* What the exercise asks *
Each line between the one holding "Luxury Heavy Duty" and the end of the material below, both included, is to be transcribed word for word, with pictures left out.

* Supplied data *
=-=-=
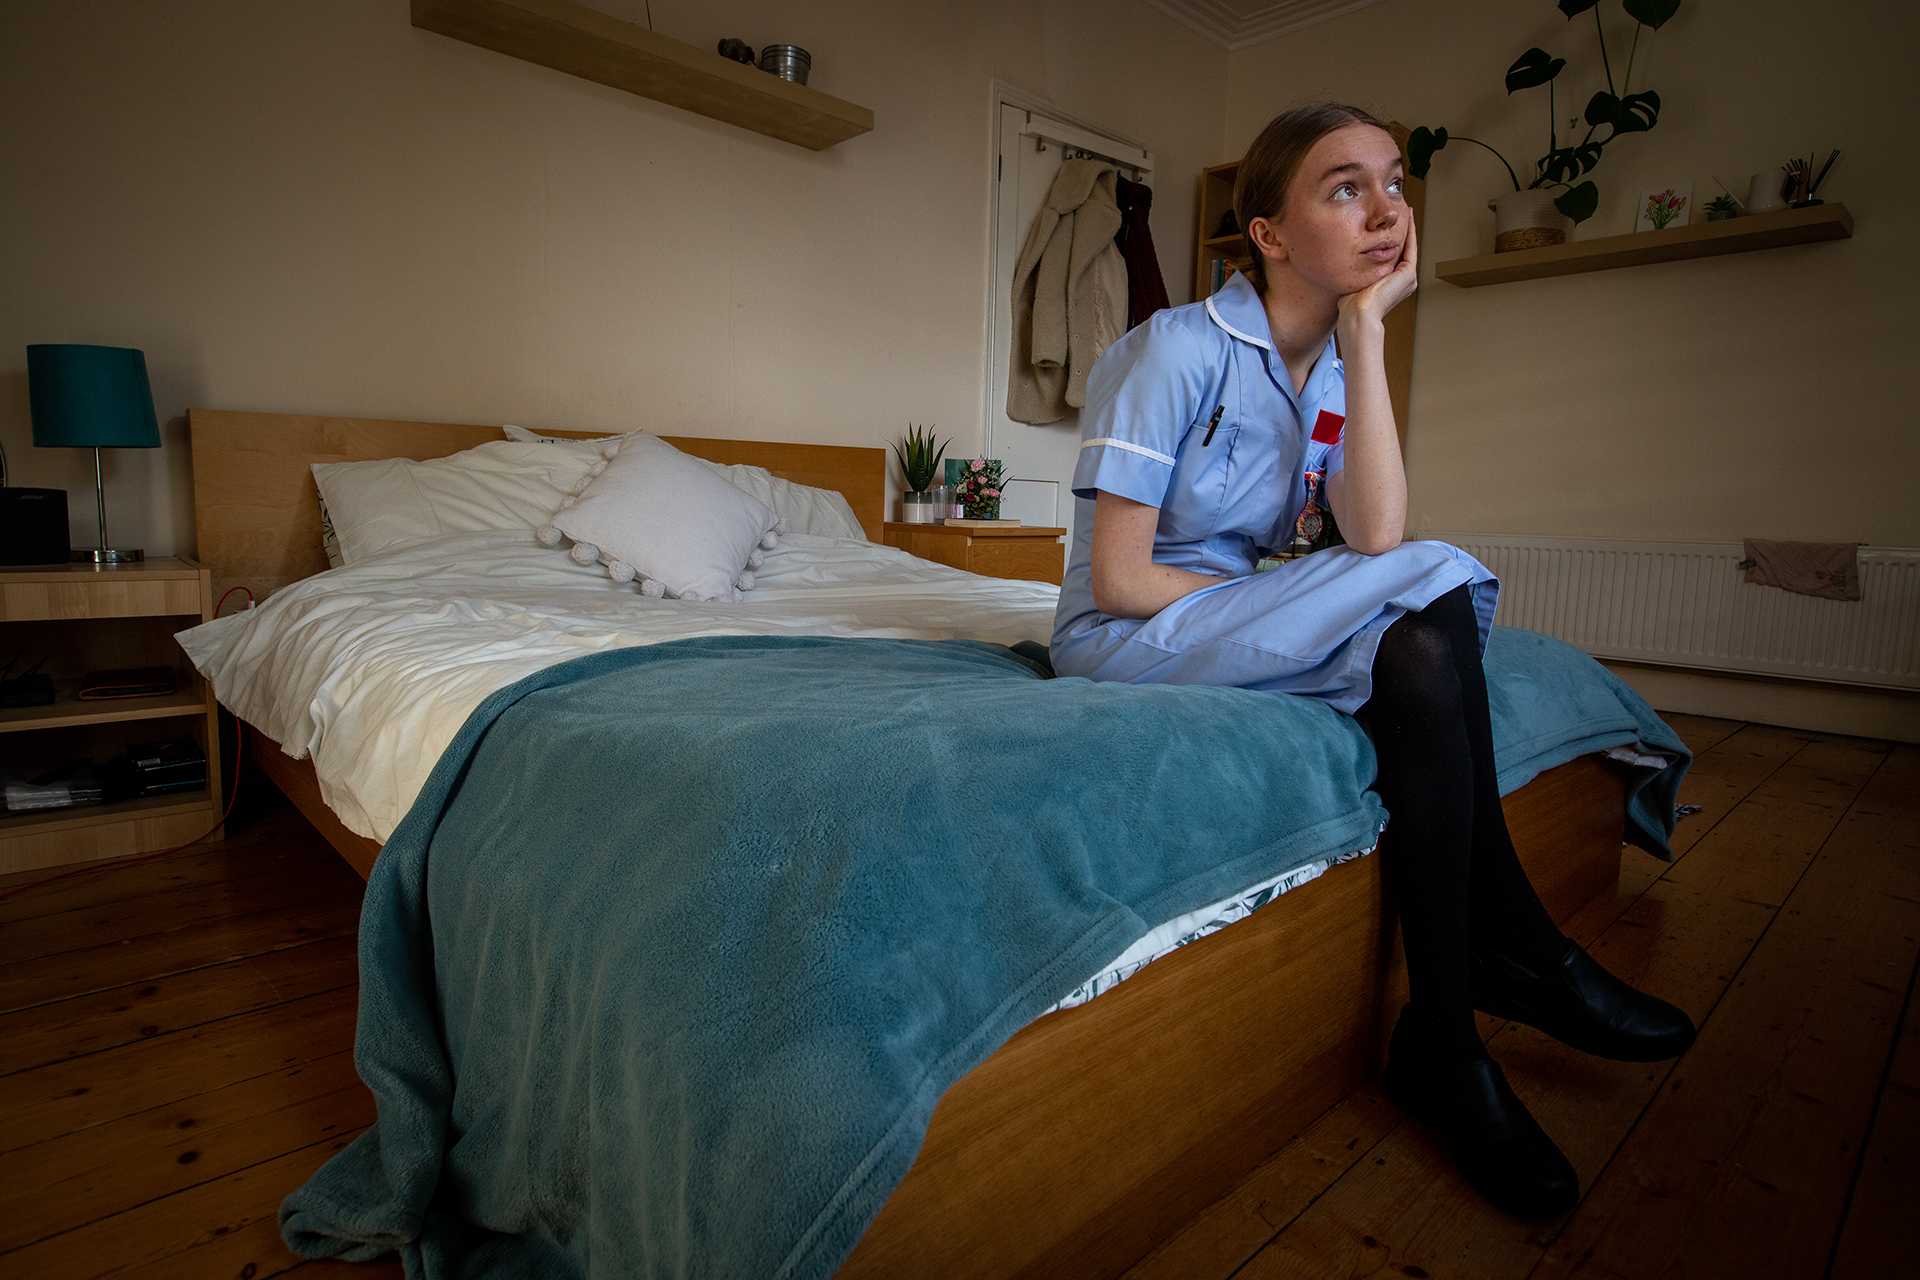 An image from a series documenting student midwives in their home environments. What I have seen, from getting to know these student midwives, is that midwifery is more of a way of life than a job. Only those that are truly passionate about midwifery can succeed.
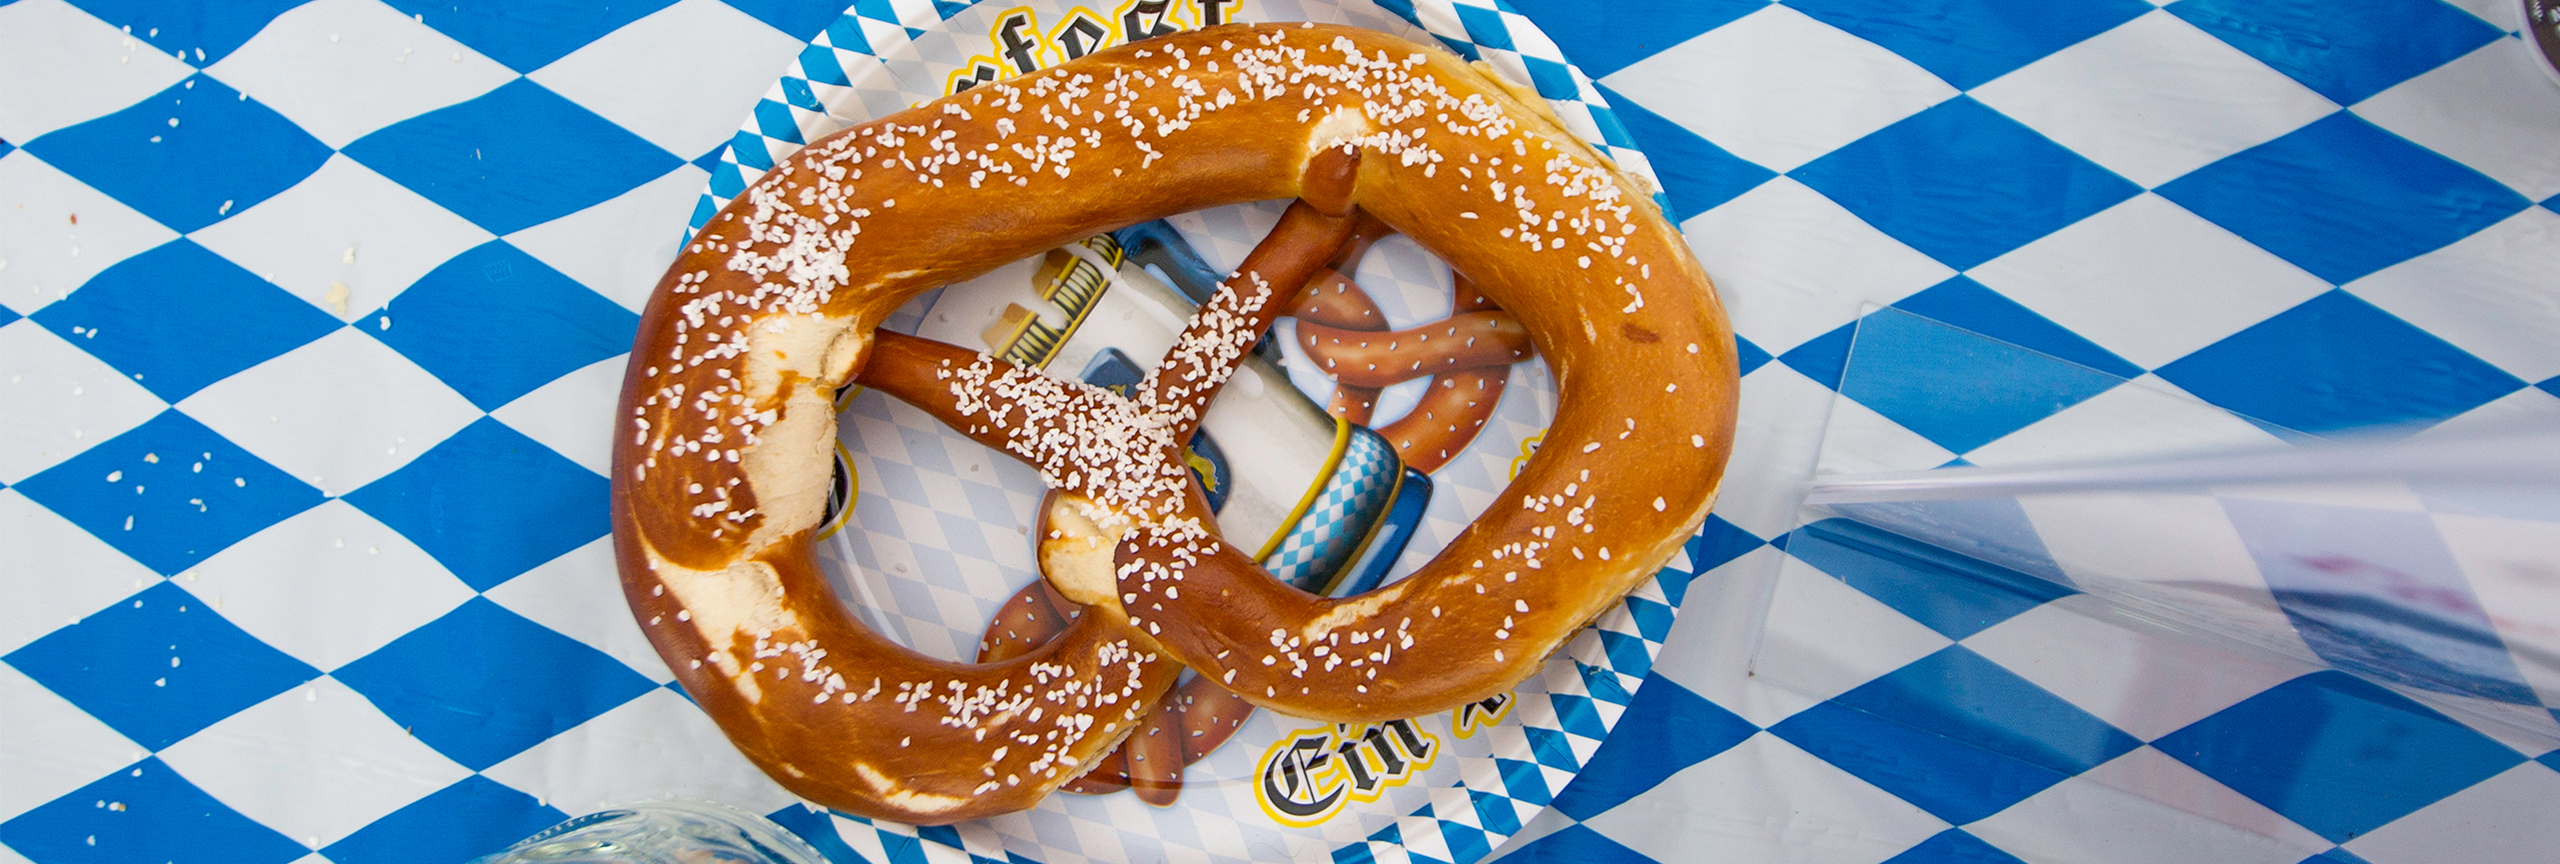 Closeup of pretzel on blue and white tablecloth.
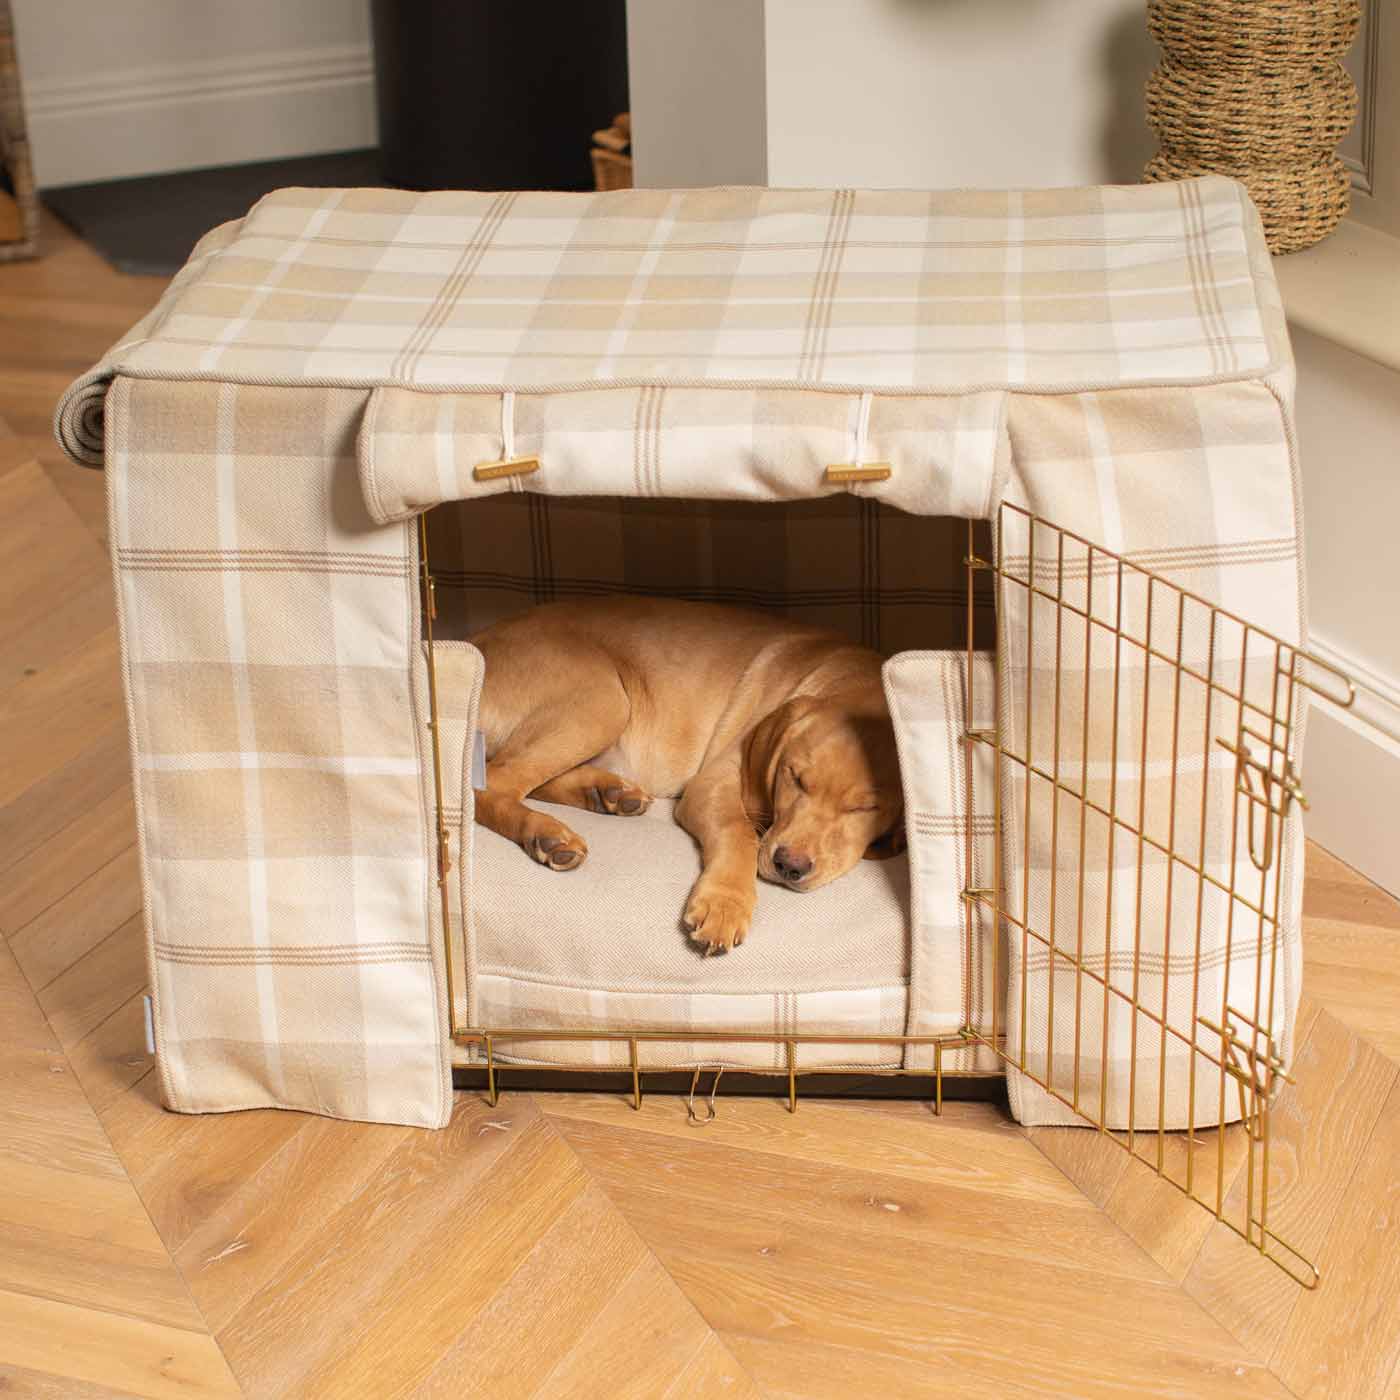 Luxury Heavy Duty Dog Crate, In Stunning Balmoral Natural Tweed Crate Set, The Perfect Dog Crate Set For Building The Ultimate Pet Den! Dog Crate Cover Available To Personalise at Lords & Labradors 
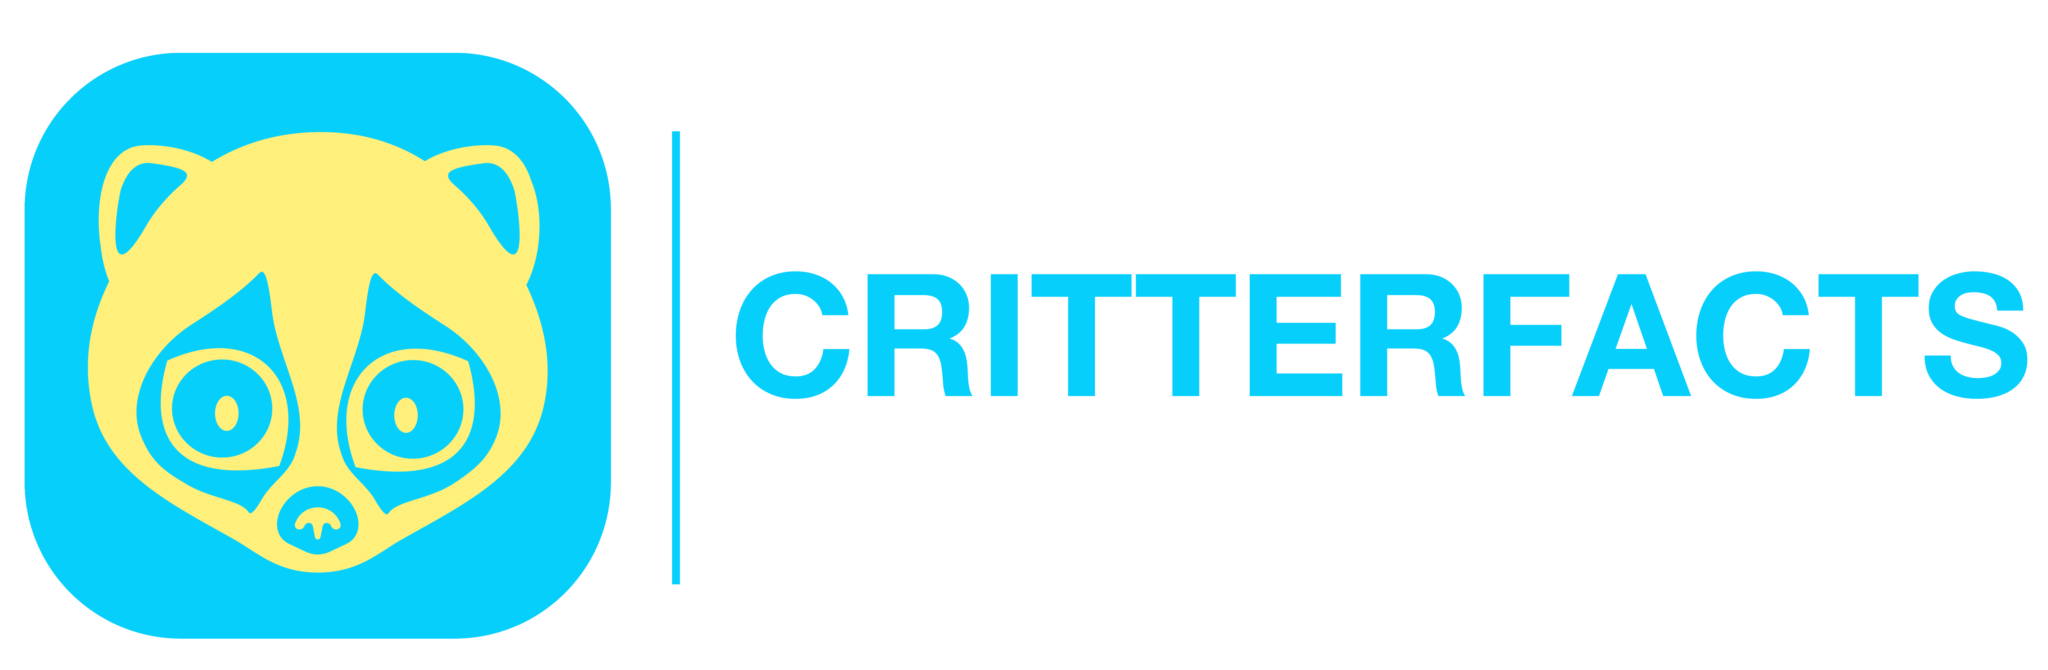 CRITTERFACTS
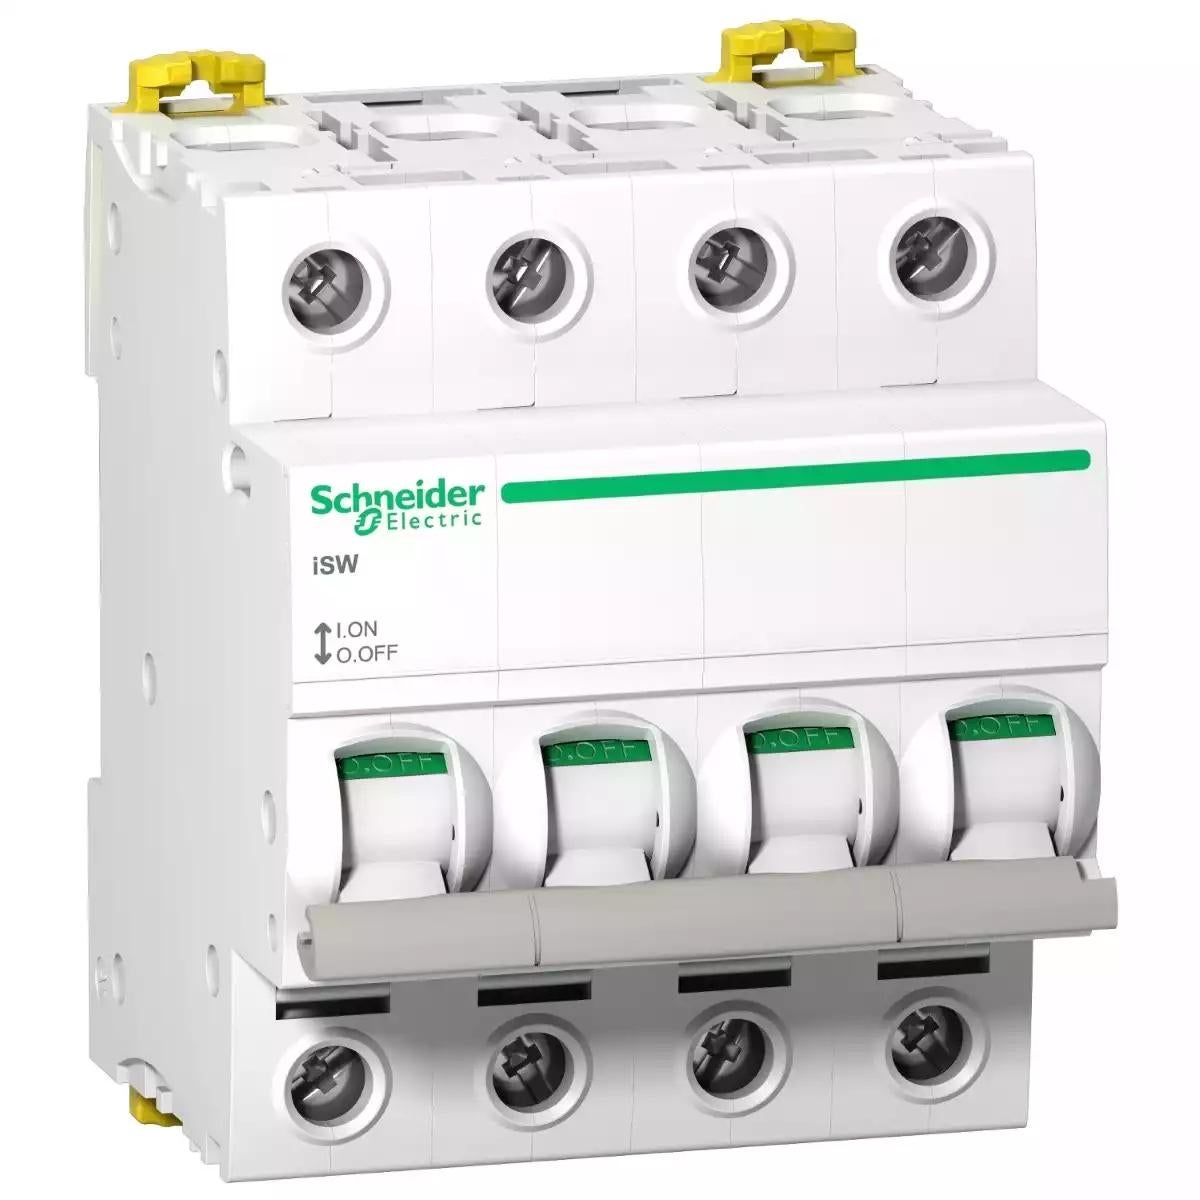 Schneider Electric Acti 9 iSW - 4P - 40 A - 415 V
=-=-=
* Written solution *
 Luxury Heavy Duty Dog Crate, In Stunning Balmoral Natural Tweed Crate Set, The Perfect Dog Crate Set For Building The Ultimate Pet Den! Dog Crate Cover Available To Personalise at Lords & Labradors 
 CRITTERFACTS
 Schneider Electric Acti 9 iSW - 4P - 40 A - 415 V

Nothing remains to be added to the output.